Heat a tablespoon of ghee in a kadai over medium heat.
Add the cashews, and roast until it turns light golden brown. Then add raisins and saute until they plump up. Then, remove the nuts and store them aside.
Add the unroasted Bombay rava to the kadai and roast on low flame until it turns aromatic; do not brown. It takes about 3-4 minutes. Stir continuously to prevent it from burning.
Then, slowly pour the milk into the kadai. Stir continuously to avoid lumps.
Simmer and stir occasionally until the sooji cooks well, and the kheer has thickened slightly. It takes 6-8 minutes.
Then add the sugar and stir well until the sugar dissolves completely. Continue to cook further for another 2-3 minutes until the kheer thickens slightly.
Lastly, stir in the cardamom powder and roasted nuts. Take the sooji kheer off the stove. It will thicken further as it cools down.
Serve Sooji kheer warm or chilled.
Notes
Tips to Make the Best Rava Payasam
Roasting Rava: Lightly roast the rava in ghee before adding milk. This enhances the flavor and prevents it from becoming mushy.
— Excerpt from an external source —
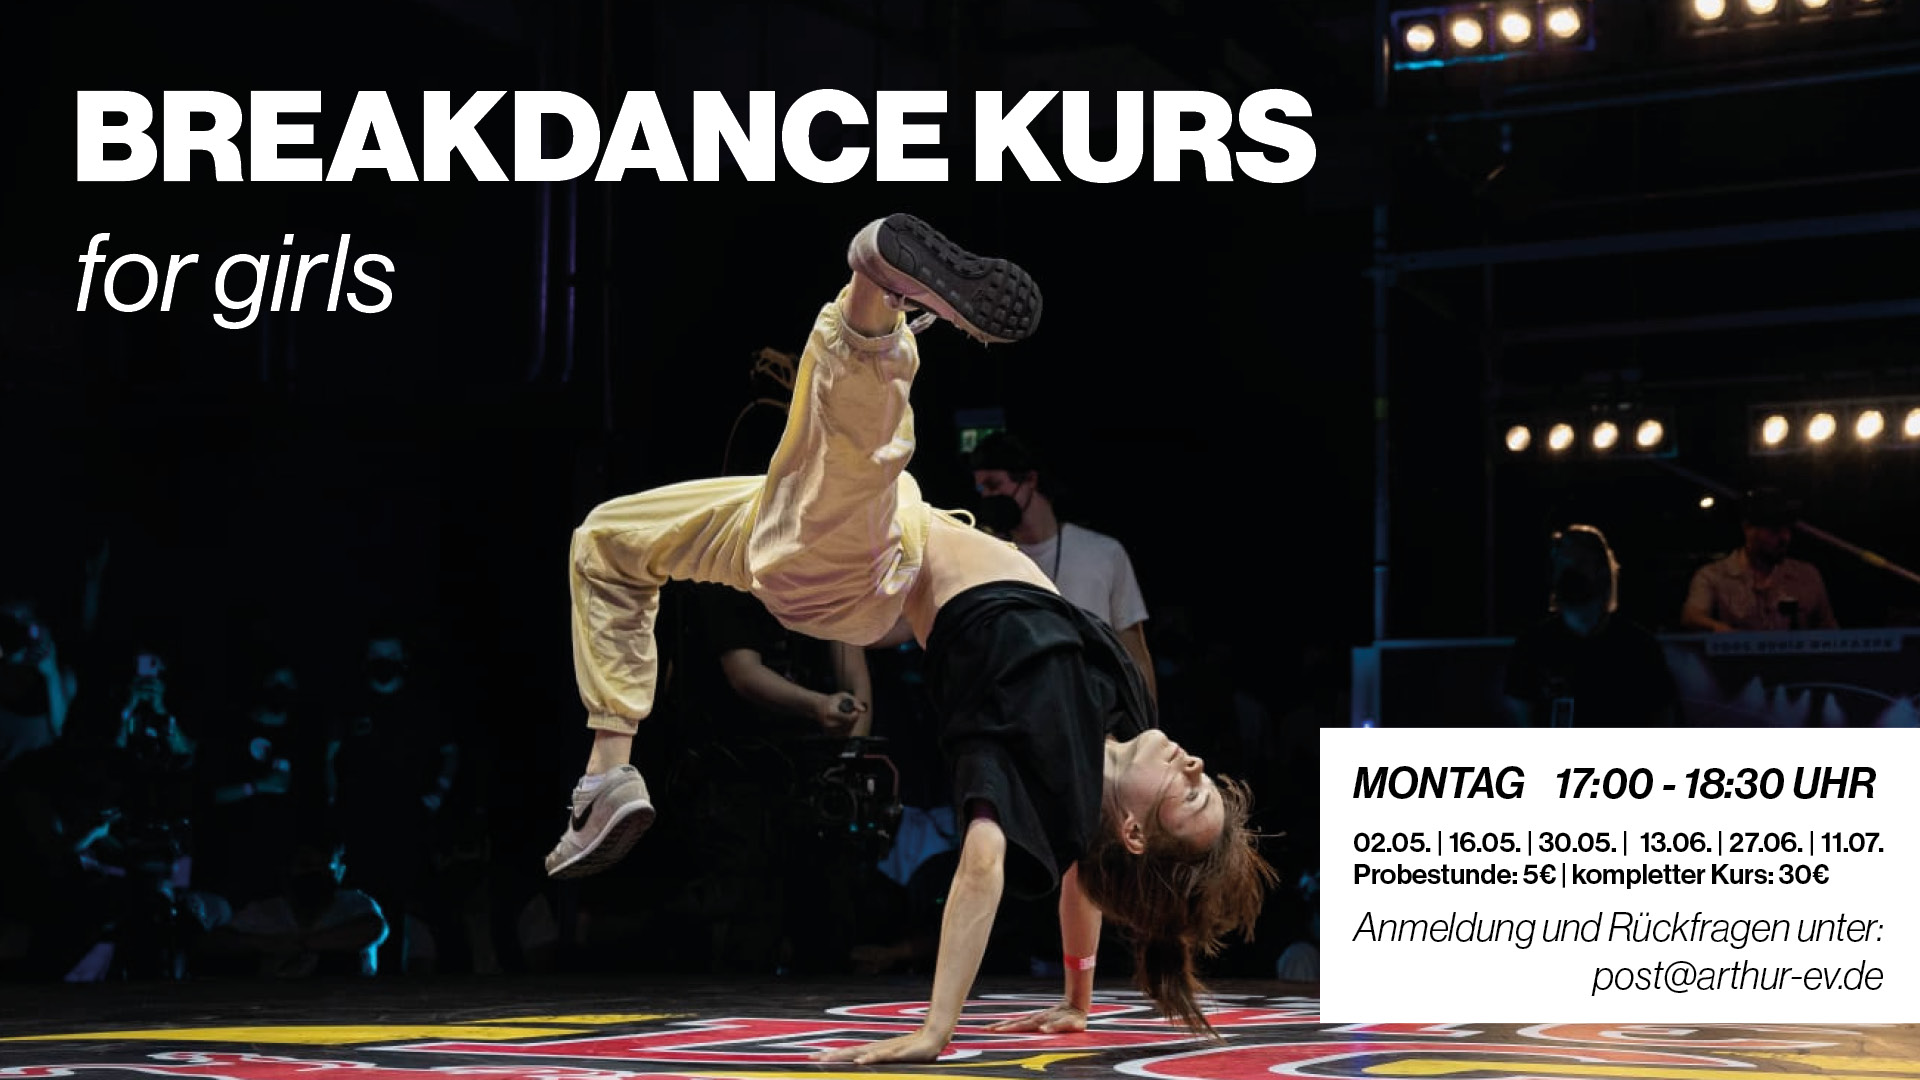 Breakdance Kurs for girls - 01
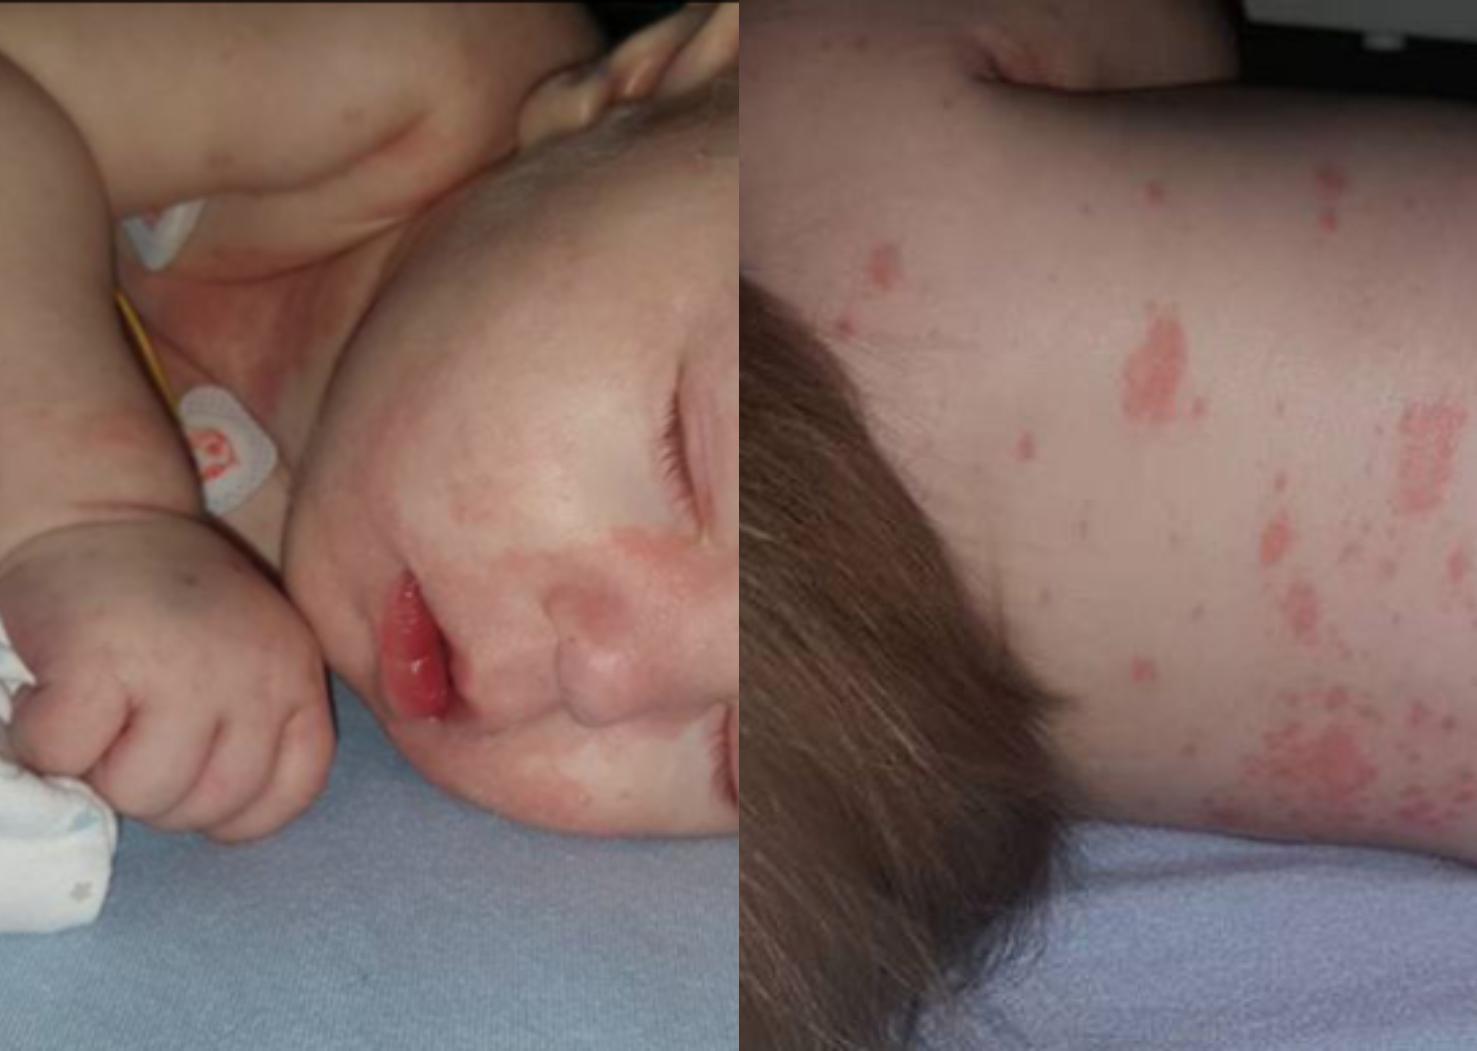 Μηνιγγίτιδα: Τα πιο επικίνδυνα συμπτώματα–Ποιοι πρέπει να εμβολιαστούν άμεσα;

You may also use fine sooji.
Stir Continuously: While adding milk to the roasted rava, stir continuously, or else the lumps can be formed.
Consistency: The kheer thickens as it cools down or during refrigeration, so make sure to make a slightly runnier consistency while cooking.
Variations
Sweetener: You can use any sweetener of your choice. You may also use jaggery instead of refined sugar. Just make sure it's organic and add it at the end, as impurities in the jaggery may curdle the milk.
Milk: Use whole milk for a thick and creamy kheer. If you are vegan, use almond or cashew milk.
Condensed Milk: You can add 2-3 tablespoons of condensed milk (reduce the sugar amount) to thicken and enhance the flavor.
Choice of Nuts: Add any nuts of your choice to this kheer.